Baca Disclaimer sebelum membaca / menonton video.
Halo Rek! Kali ini Ruang Teknik akan sharing skema rangkaian remote sepeda motor buatan sendiri, ide awal sebenarnya simple pingin bisa menyalakan lampu hazard pada sepeda motor dengan remote kontrol tujuannya jika kita parkir malem hari di tempat pasar malem yang kurang penerangan, maka dengan menyalakan hazard akan mempermudah menemukan sepeda motor kita ditempat parkir. Karna sangat bersemangat membuatnya tidak terasa saya tambah beberapa fitur sekalian jadi lebih lengkap.
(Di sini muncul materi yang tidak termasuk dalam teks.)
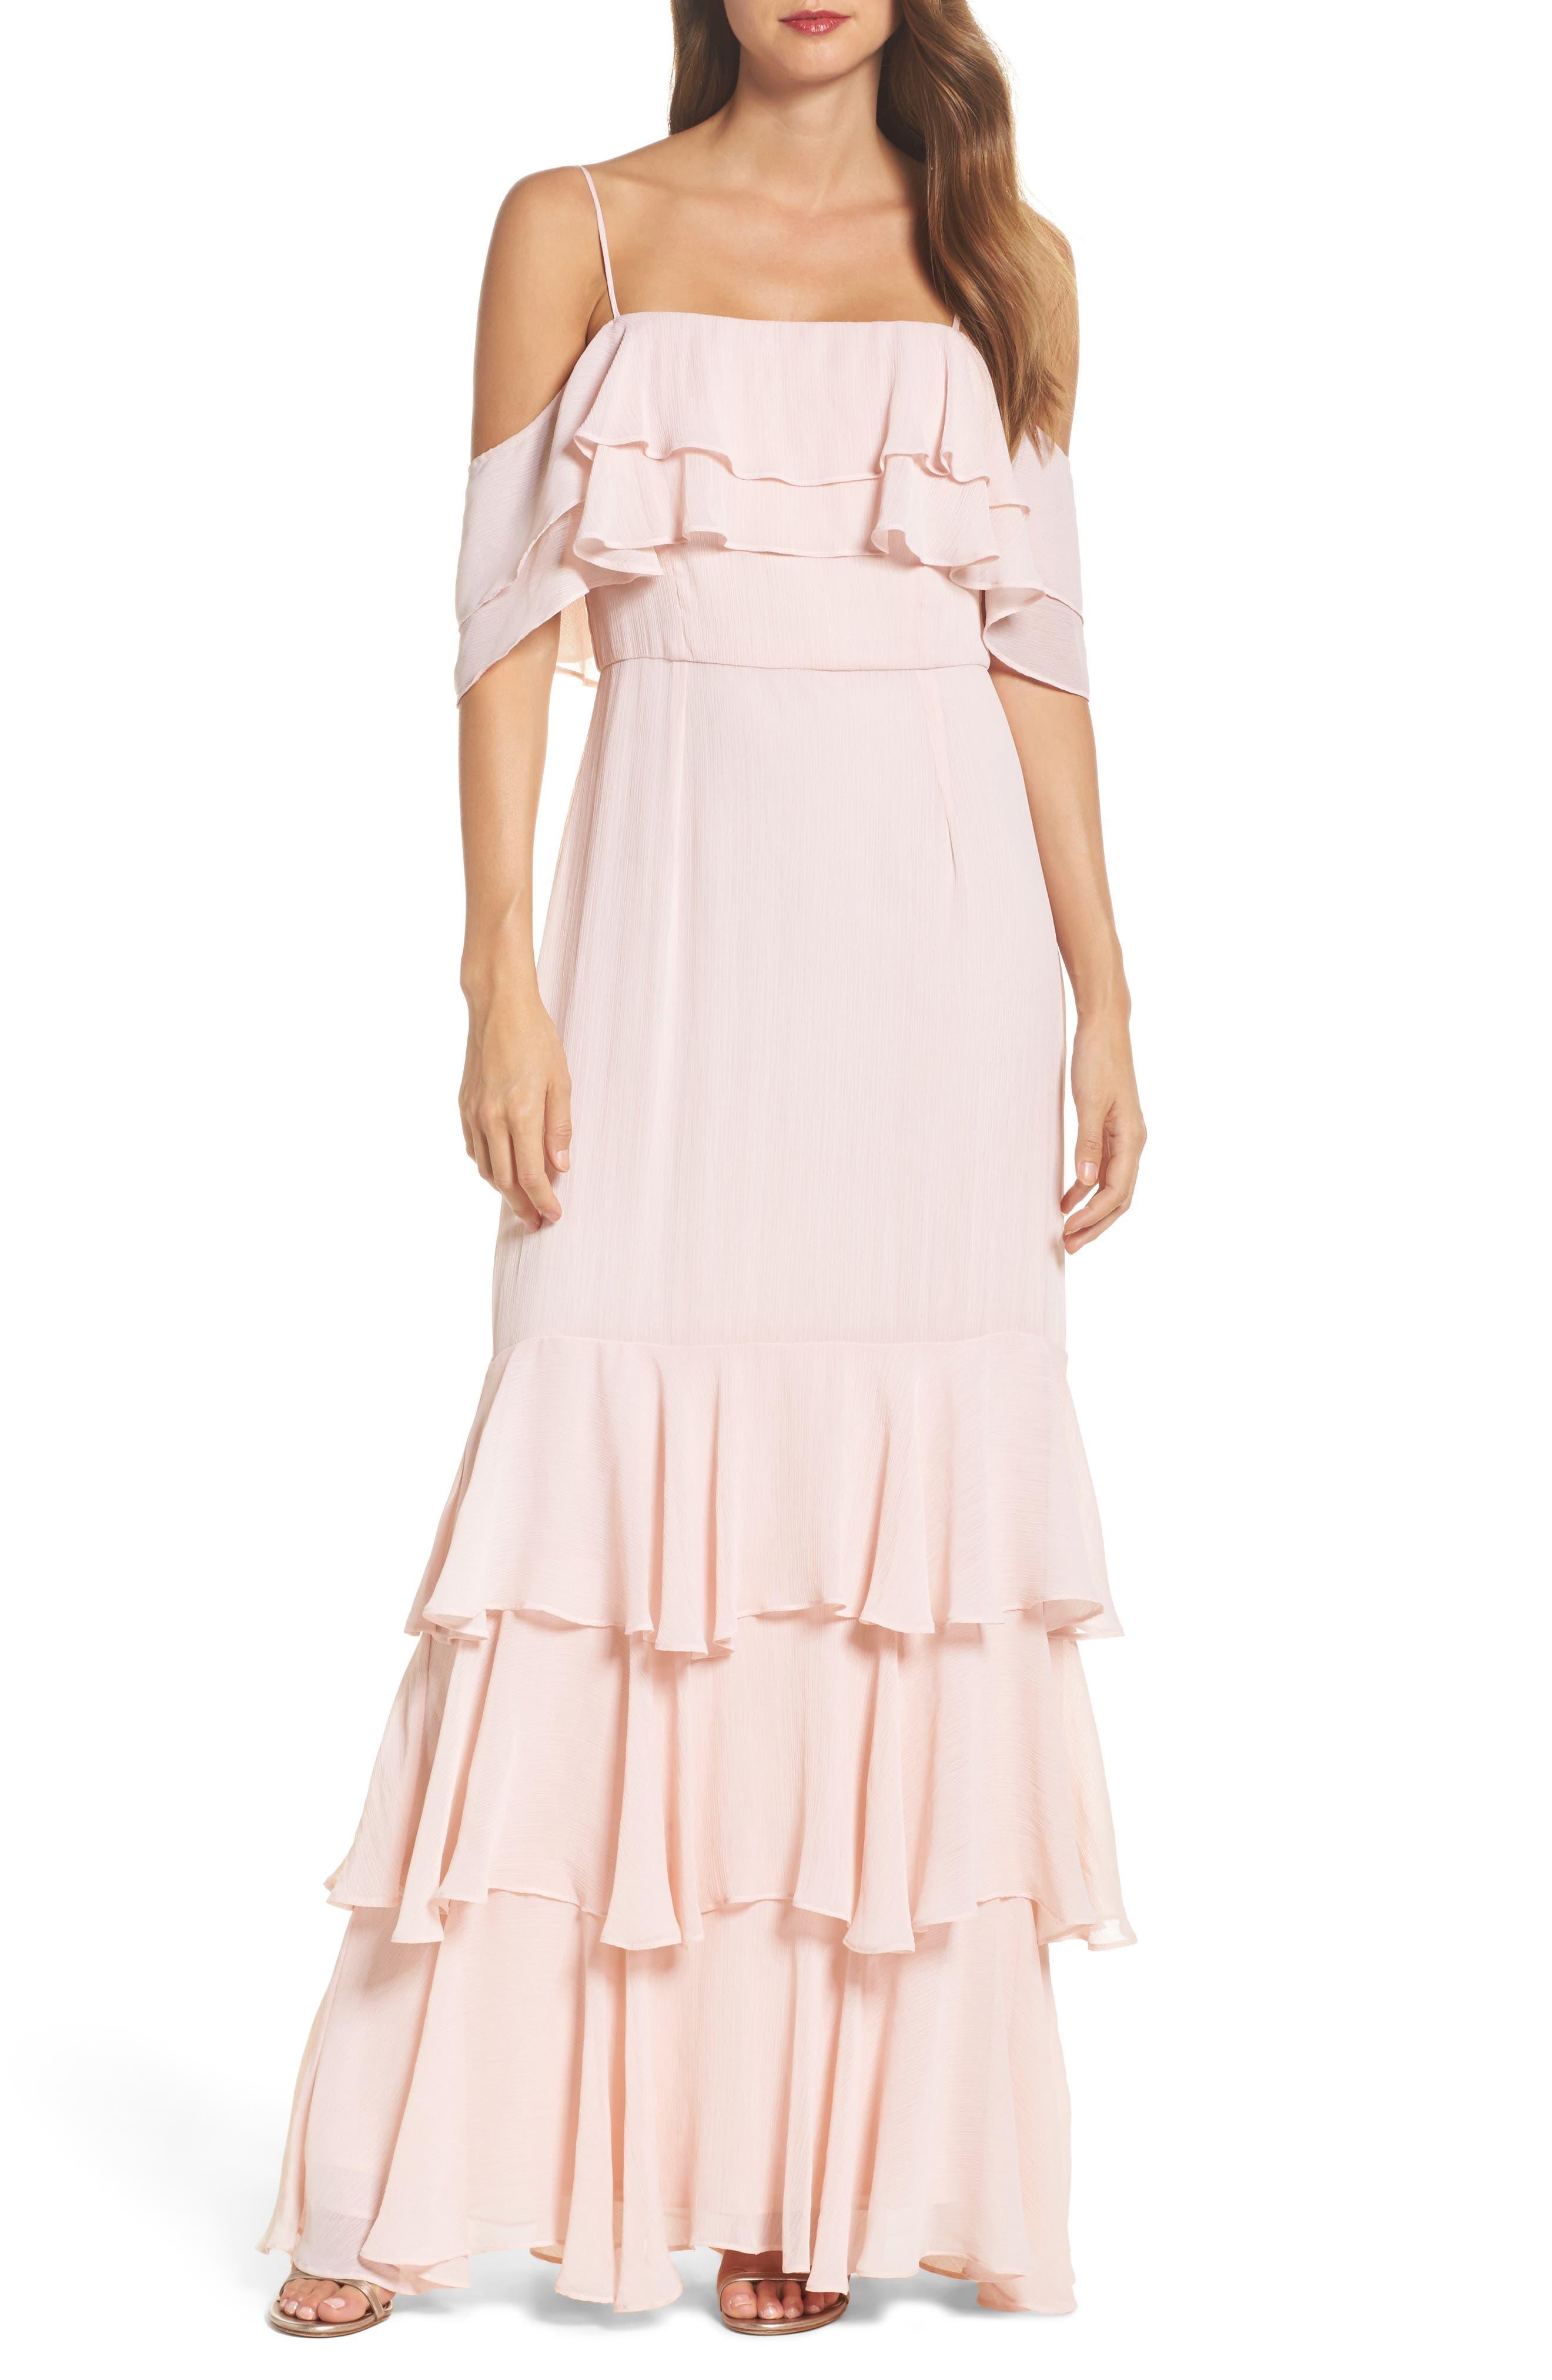 Lauren Cold Shoulder Tiered Gown,                             Main thumbnail 2, color,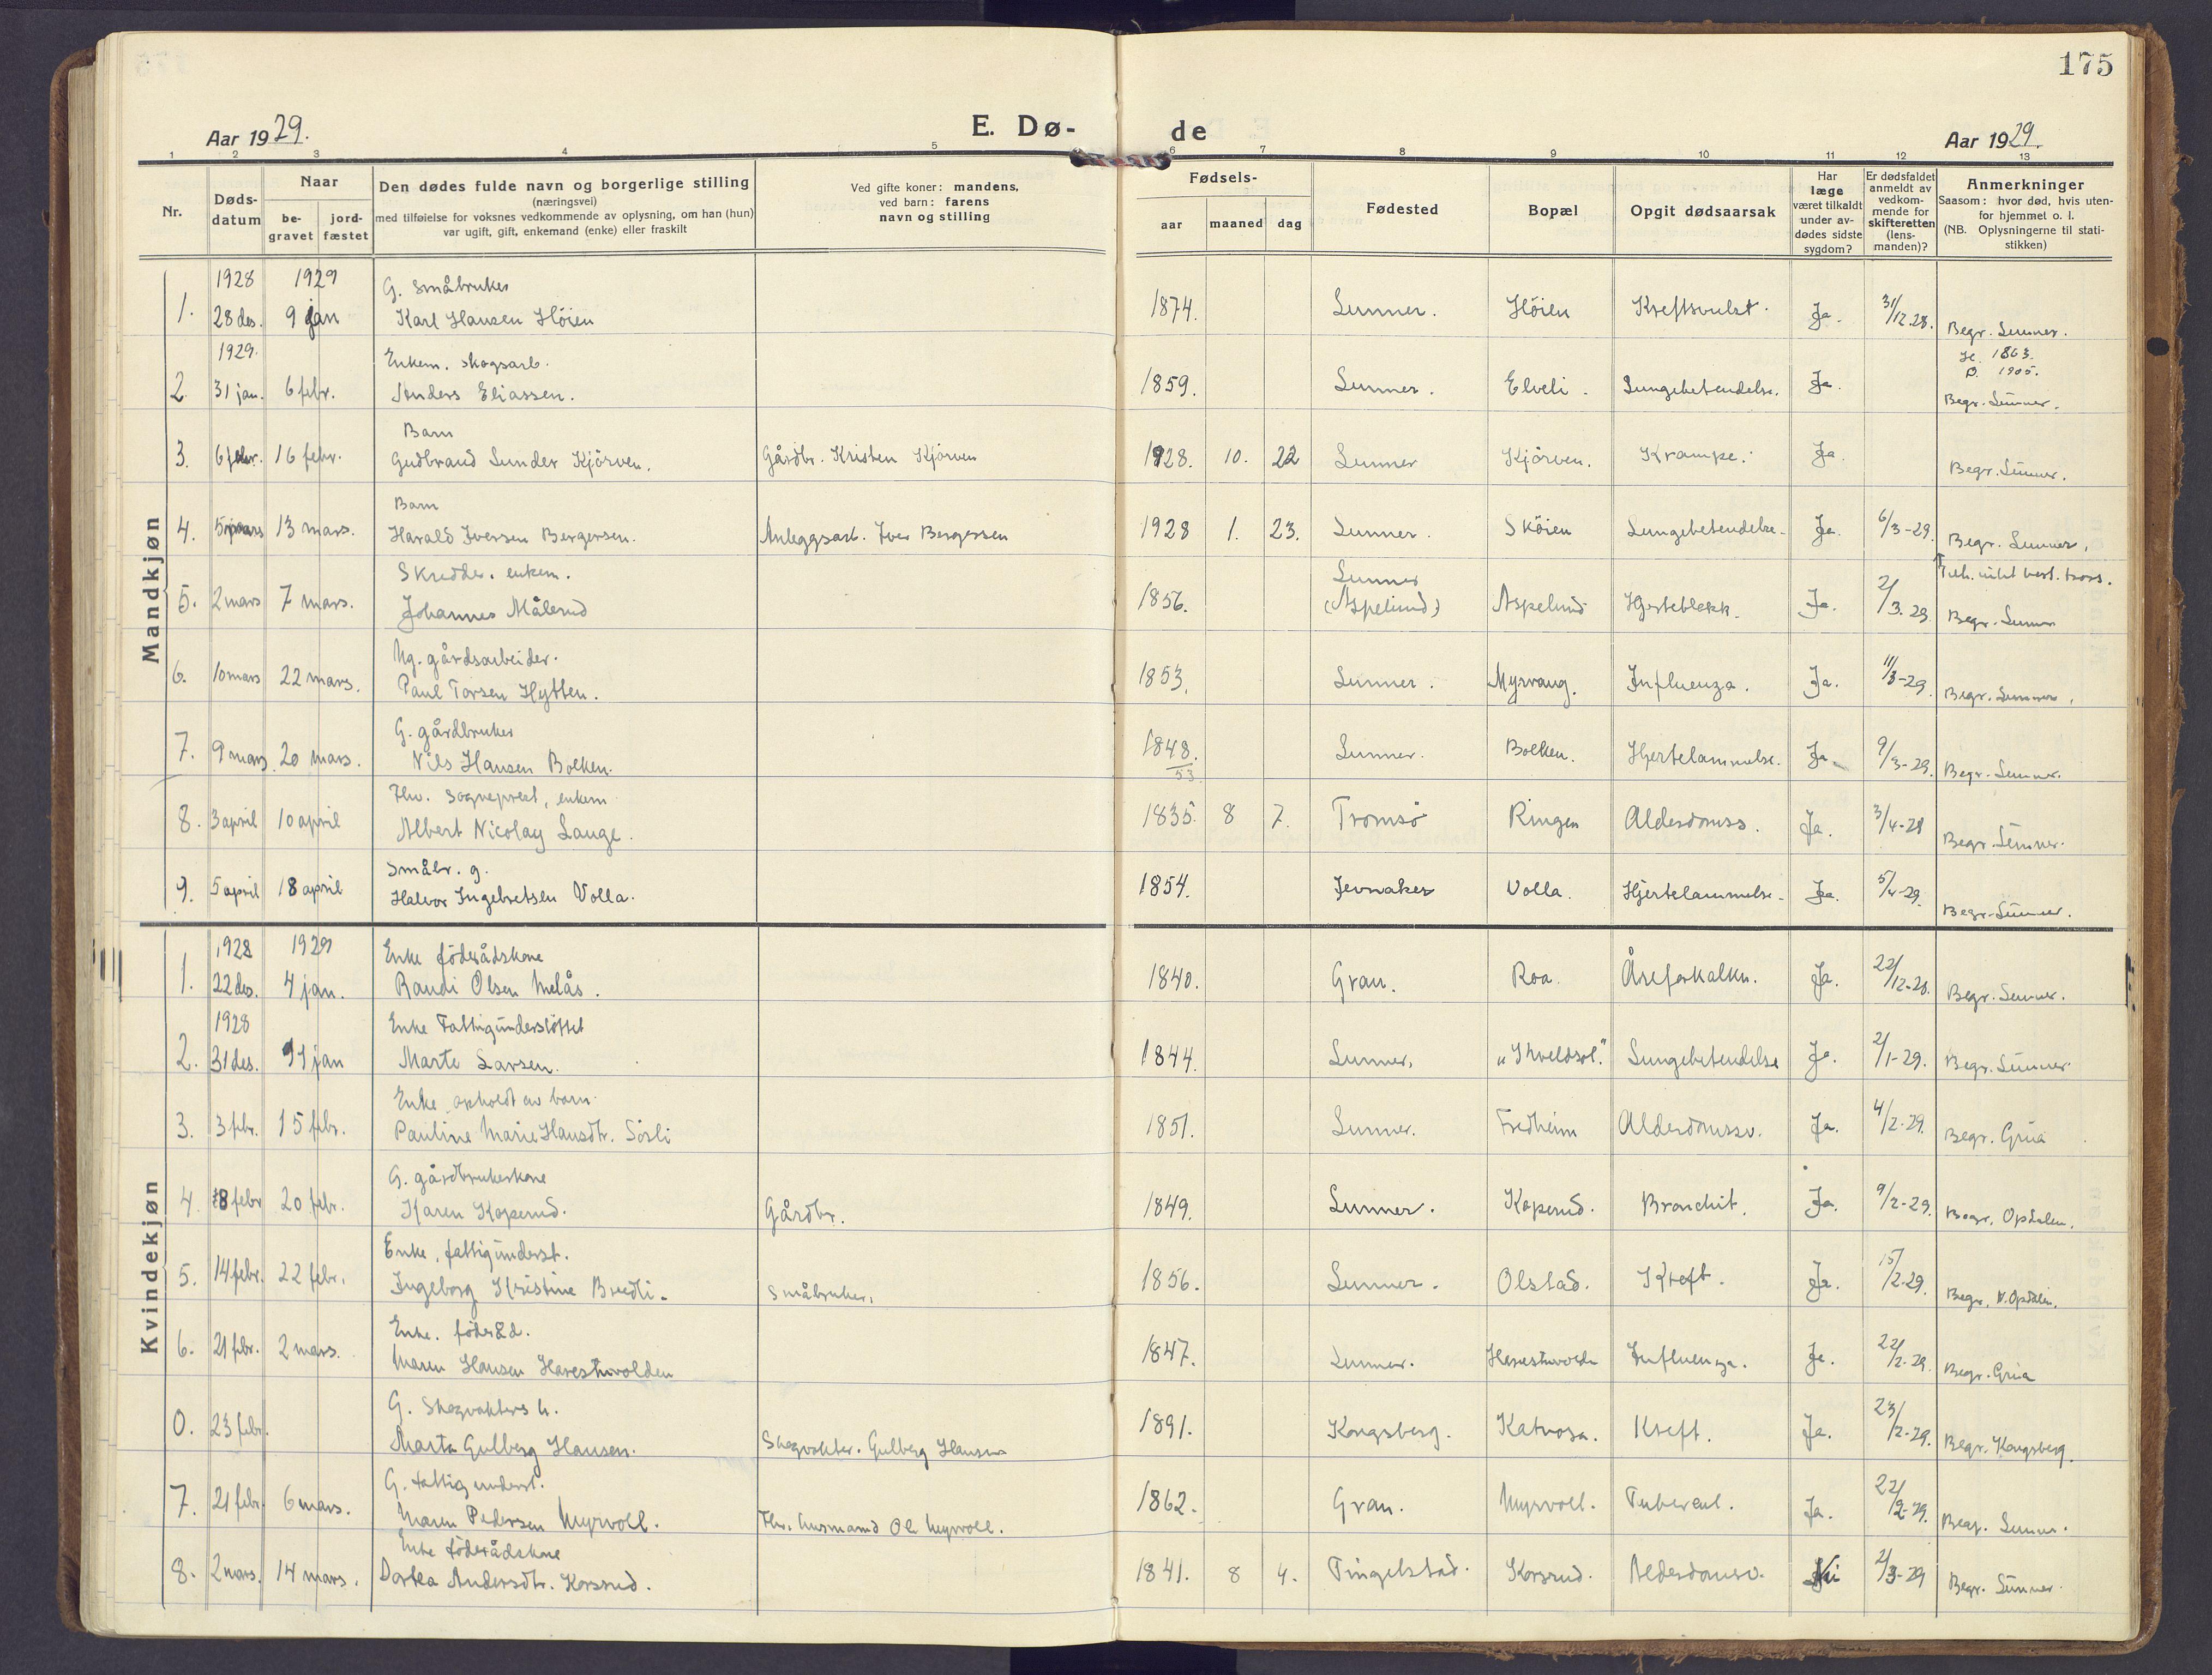 SAH, Lunner prestekontor, H/Ha/Haa/L0002: Ministerialbok nr. 2, 1922-1931, s. 175

Oke silahkan cek gambar skema dibawah ini dan ikuti langkah dan keterangan yang diberikan.
Disini kita membutuhkan:
- Modul remote + receiver
- Arduino nano
- Resistor 10K 4 pcs
- Modul relay 4 pcs
- Buzzer
- Modul MP3 player (untuk memainkan suara Car Lock)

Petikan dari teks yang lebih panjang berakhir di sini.